What is the whitish deposit I sometime see on pavers and walls?
This is efflorescence, a natural formation that may appear on any concrete or masonry product. It is actually the residue of soluble salts carried to the surface by moisture - a natural by-product of the chemical reaction between cement and water. Efflorescence does not affect structural integrity and will dissipate over time. It is not indicative of a flawed product. If desired, it can be removed using specialty cleaners.

What is the difference between pins, tongue and groove, rear lip, or clips that the various segmental wall systems use? Is one better than the others?
There is very little difference between them. They simply serve to connect the units together and create a set-back. A wall develops resistance to soil pressure through the weight of the block, batter of the wall, and friction between the units.

How high can I build a segmental landscape wall?
For most conventional landscape walls, the maximum height is 4' when measured from the top of the footing. With proper engineering and construction, walls well over 20' high can be built!

Is there a way to prevent weeds from growing between the joints of the pavers? Will using a landscape fabric or plastic sheeting help?
Weeds grow from windblown seeds that fall onto pavers and germinate down into the joints. They do not grow up from below, so using a landscape fabric or plastic sheeting is unnecessary. Weeds can be removed by hand, or with a biodegradable herbicide, such as Roundup®. Sealers or sand binders can be useful in helping prevent weed growth and ants.

Can I park cars above my segmental landscape wall?
Yes. Segmental retaining walls are frequently used to provide support to parking areas. However, the wall should be engineered and typically requires the use of geogrid. Vehicles should not be allowed to park within 3' from the back of the wall.

Can segmental walls be used to create raised patio areas?
Yes. Segmental landscape walls are an excellent way to add more outdoor living space. They are used to encase and support the gravel you would add to bring the raised area to the desired height. These wall systems also allow you to easily incorporate stairs or steps into the raised patio.

There is a low spot on my paver driveway. Are the pavers defective?
No. Settlement is often caused by inadequate soil or base compaction, or by poor drainage caused by using the wrong type of gravel. This can be easily repaired by taking up the pavers, correcting the problem and reinstating the pavers.

Is it necessary to start my retaining wall below the frost line?
No. Unlike rigid retaining walls, segmental landscape wall systems are flexible structures and can accommodate slight movement and even settlement without cracking or other types of distress. 

What does "Interlocking Paving" mean?
Interlocking paving is a misleading term. What actually constitutes interlocking is really a dynamic function containing three different components.

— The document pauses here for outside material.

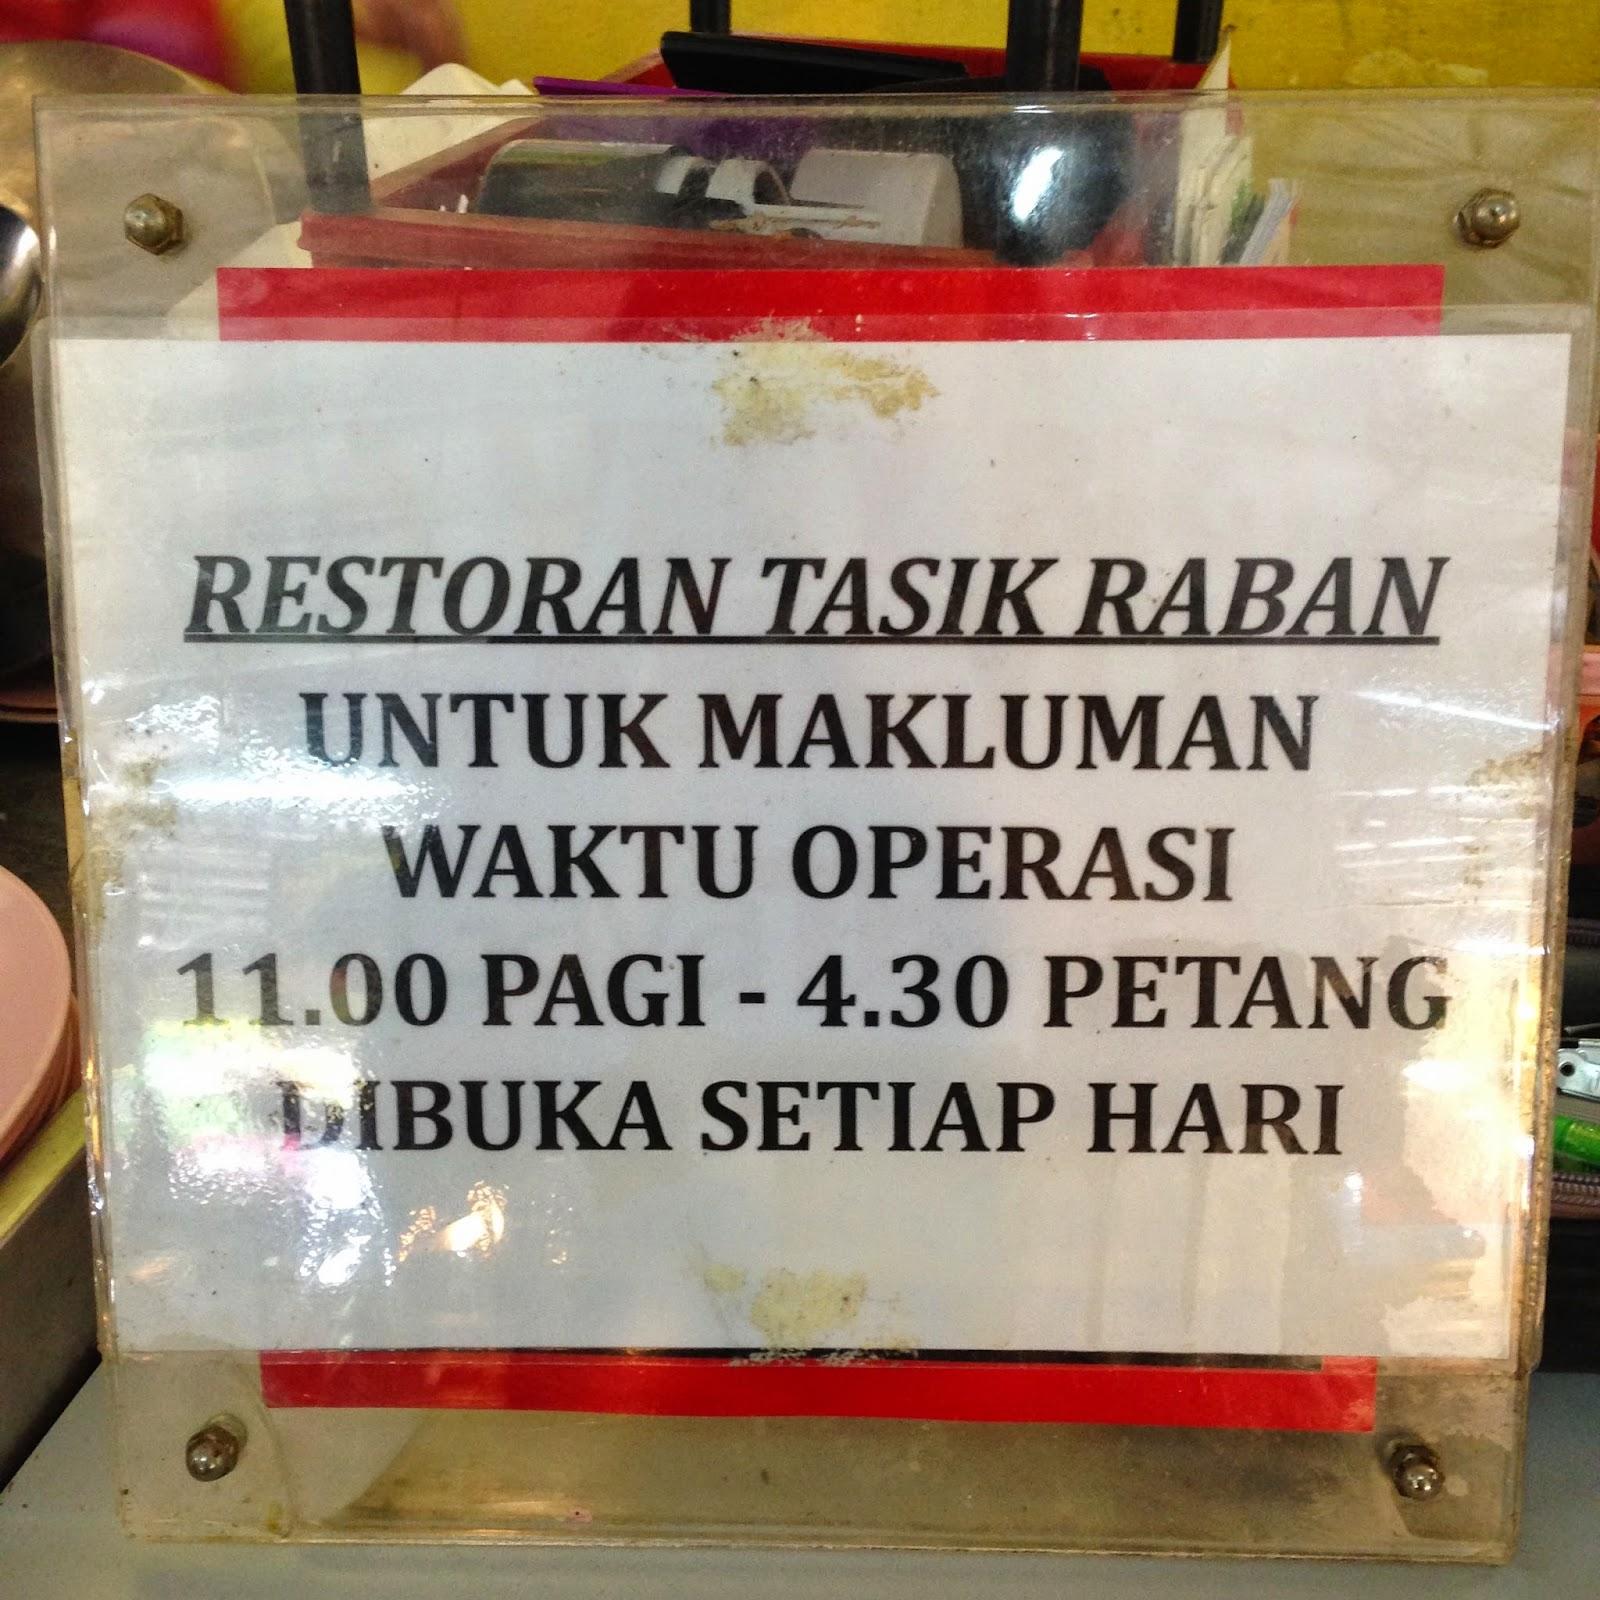 Restoran Tasik Raban

They are "rotational interlock" (resistance to tipping) "horizontal interlock" (resistance to spreading) "vertical interlock (resistance to sinking)". So, that means for lasting quality you need good containment, good sub base and proper paver thickness. Thicker pavers for driveways thinner pavers for patios.

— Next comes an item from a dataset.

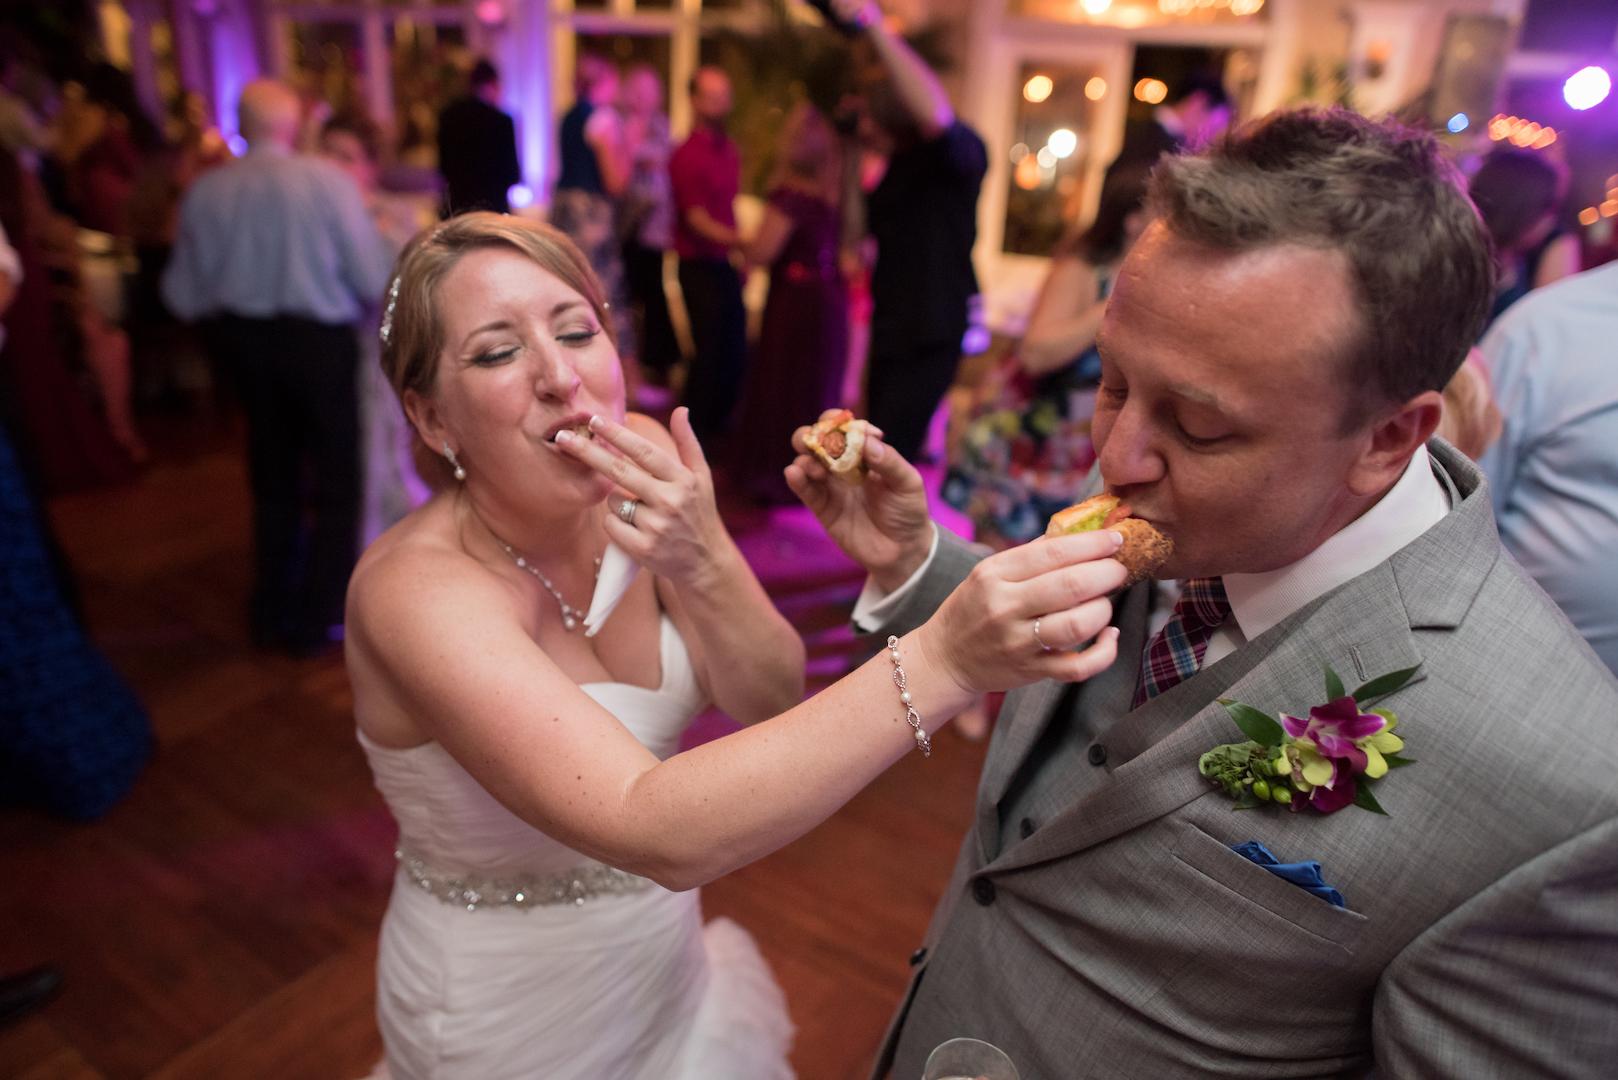 st-augustine-wedding-photographer-memorial-presbyterian-wedding-creative-84.jpg

After you're done Paving the work surfaces should I Seal It?
Yes, it protects it from leaky cars that might leave oil stains and it stays cleaner for much longer if you seal it right away before it has a chance to get stained. Remember when it's sealed it only takes a hose to clean it off. We use breathable type sealers that protect against just about anything.

Will freezing and thawing damage pavers? 
No, damage from ice is virtually non-existent. The joints
allow the pavers to move without cracking in freeze
and thaw cycles.

What is the difference between "Clay Pavers & Concrete Pavers"?
Clay pavers are made with real clay that is mixed, extruded and baked in a kiln at very high temperatures and concrete pavers are made with a special blend of concrete and coloring that is compacted at very high pressures in a special machine.

Which type of paver is better?
There is very little difference between pavers in general. The important difference is the maker of the pavers. Paving materials can vary from one manufacturer to next. The qualities that make a paver perfect are its compressive strength, water absorption rate and abrasion index.